The authors address the limitations of existing audio-caption datasets by introducing CaptionStew, an extensive dataset compiling 9.3 million audio samples with 10.7 million captions. This dataset spans multiple domains, such as speech, music, and environmental sounds, enhancing both the scale and diversity necessary for robust model training. CaptionStew emphasizes the importance of caption diversity and semantic richness, drawing from various established open-source corpora. These include Audiocaps and WavCaps, among others, ensuring broad coverage of audio-related semantics. This diverse dataset serves as a foundation for evaluating model performance across different pretraining objectives.

Experimental Setup

The experimental framework leverages the Zipformer-M architecture (Figure 2) for audio encoding, chosen due to its efficiency with long sequences and rapid convergence. The model evaluation spans three primary protocols: linear probing, audio-language alignment, and open-form question answering. This setup enables an analysis of representation capabilities across audio domains, ensuring a comprehensive evaluation of pretrained models. The paper systematically compares pretrained models against several benchmarks using these evaluation protocols.

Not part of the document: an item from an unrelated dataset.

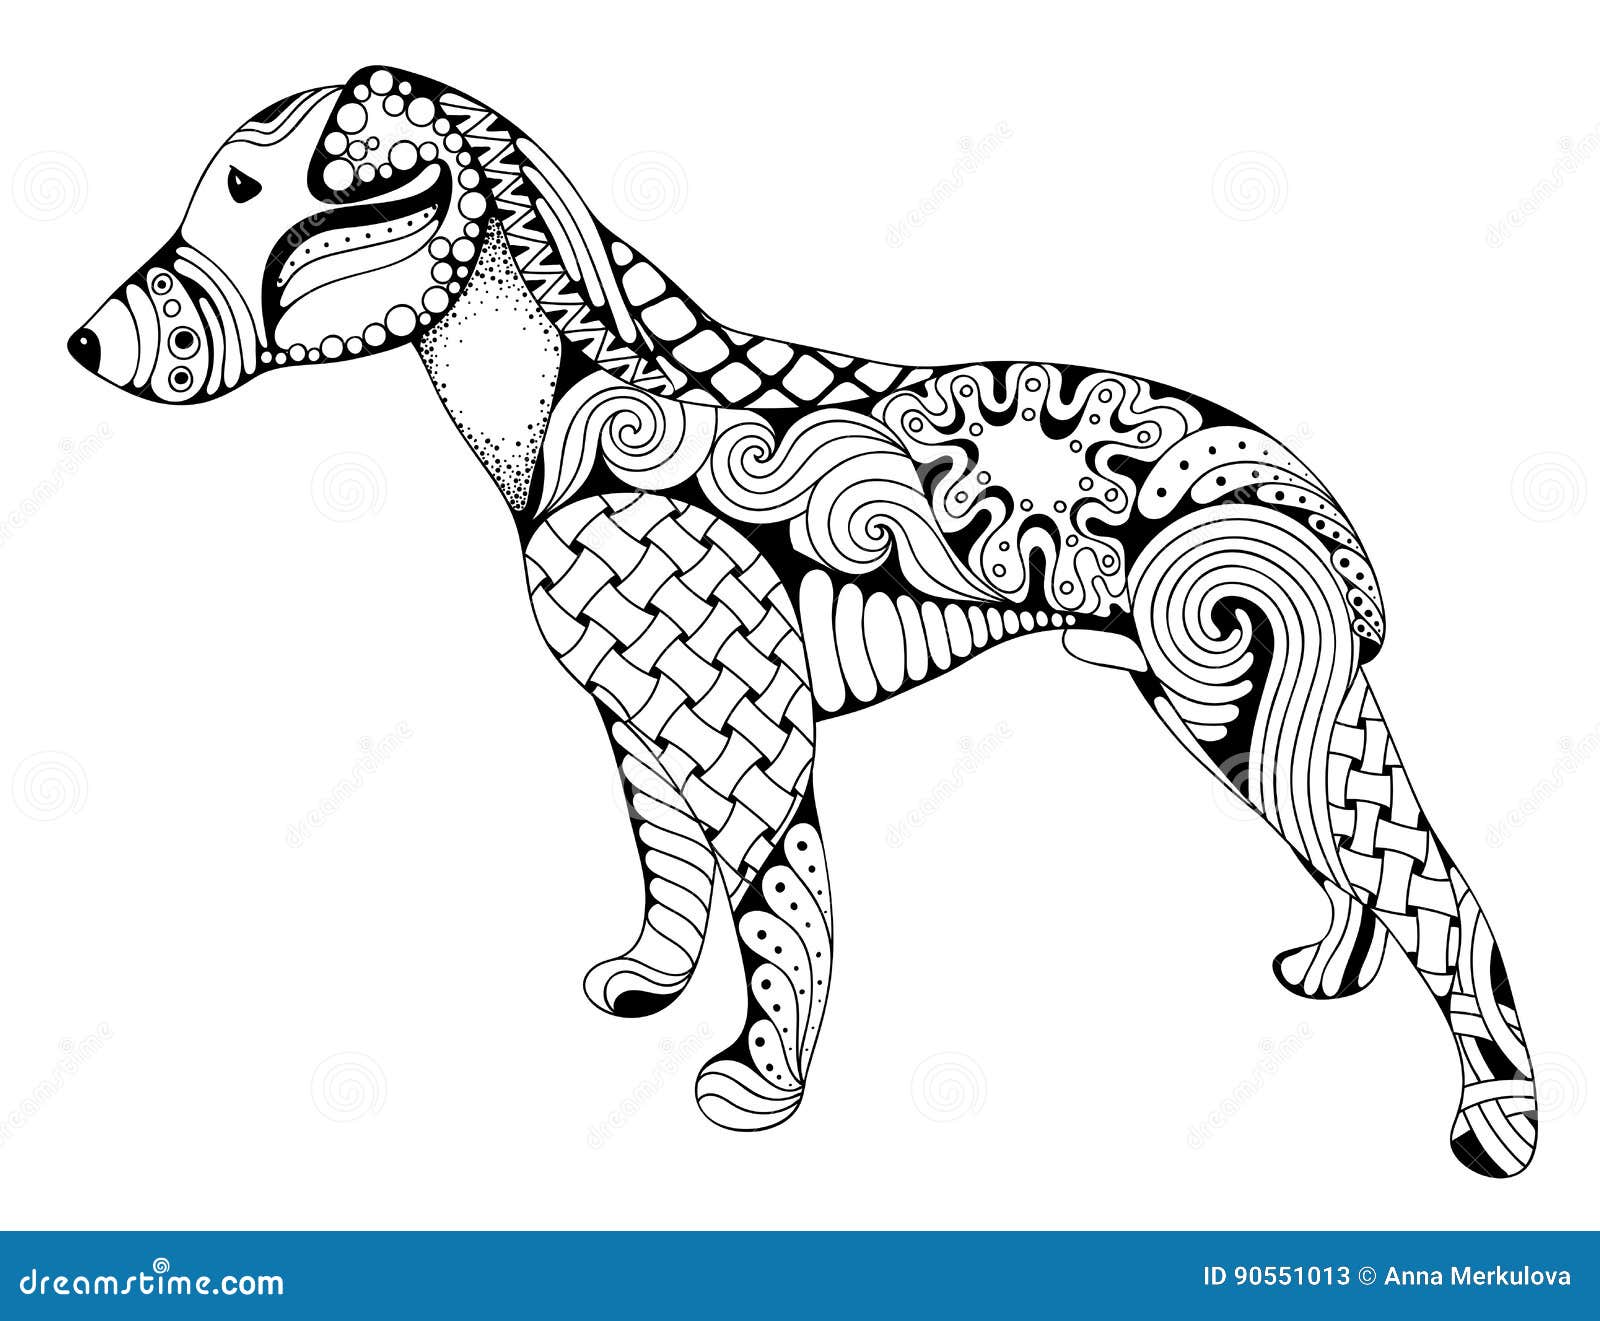 Bloodhound Cartoons, Illustrations & Vector Stock Images - 182 Pictures

Figure 2: Model diagram of Zipformer.

Main Results

The study demonstrates that contrastive pretraining tends to outperform the captioning approach on linear probing tasks, especially on discriminative tasks like audio event classification and speaker identification. However, captioning objectives show better scalability for tasks requiring intricate language understanding, especially when paired with generative tasks. The paper also sheds light on the diminishing returns of initializing models with supervised pretraining, challenging established practices in the field. Notably, CaptionStew-trained models show strong cross-domain applicability, suggesting their potential in developing general-purpose audio representations.

Figure 3: Data scaling behavior of contrastive vs. captioning objectives across representative tasks.

Conclusion

The research re-establishes audio-language pretraining as a viable pathway for general-purpose audio representation learning. By demonstrating that diverse linguistic sources can enhance semantic richness and representation robustness, the study sets a new direction for future research. This paper's insights into the scaling behavior of contrastive versus captioning objectives and the impact of supervised initialization offer practical guidance for audio representation learning frameworks. Overall, the authors provide essential tools, models, and datasets that pave the way for future advancements in universal audio understanding.